The comics-form stories pass to second plan: Roosevelt works almost all the time with the oil colors and create new paintings. However, from time to time, the first pages of a new graphic novel come to life, but most of these projects do not go beyond the first pages. Notwithstanding, they are full of mystery and fantasy, and their main quality is the will of testing the possibilities in this domain. Also, his influences have changed: from Barks and Hergé, they become more “adult”: Kirby, Moebius, Drucker, Druillet. The french magazine Métal Hurlant (Heavy Metal in the U.S.A.) shows to him a new way to tell stories in a comics-book form.

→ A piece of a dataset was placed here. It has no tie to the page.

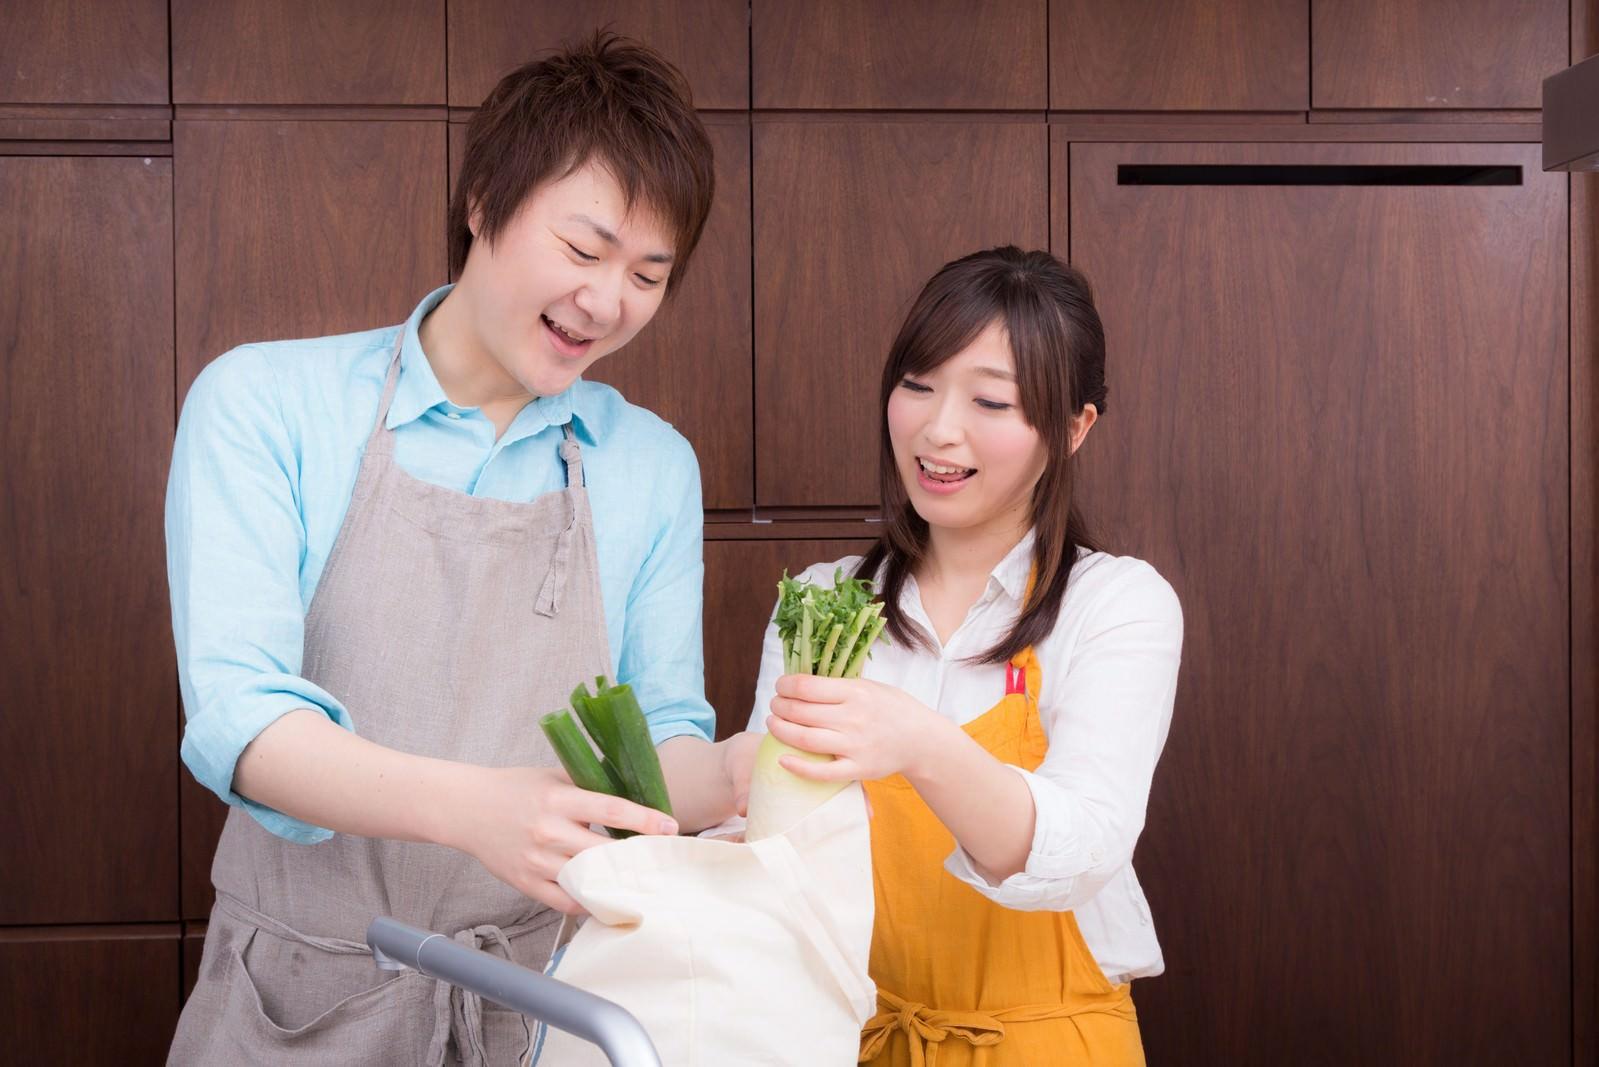 「買い物袋から野菜を取り出して料理を始める二人買い物袋から野菜を取り出して料理を始める二人」[モデル:五十嵐夫妻]のフリー写真素材を拡大

Anyway, painting becomes the main activity of Roosevelt from 1977. Soon he does his first solo exhibition, in Brasília (October 1979). This exhibition is composed of thirty surrealist pictures, painted mostly in acrylics on canvas. Since the following year, the artist dedicates exclusively to his painting searches. The new exhibitions show works of surrealistic inspiration side by side to photo-realists urban landscapes (in the manner of Ralph Goings and Don Eddy) and optical compositions inspired by the work of Chuck Close. The critics are, in general, enthusiastic. Roosevelt sells his canvas and is asked for some commands.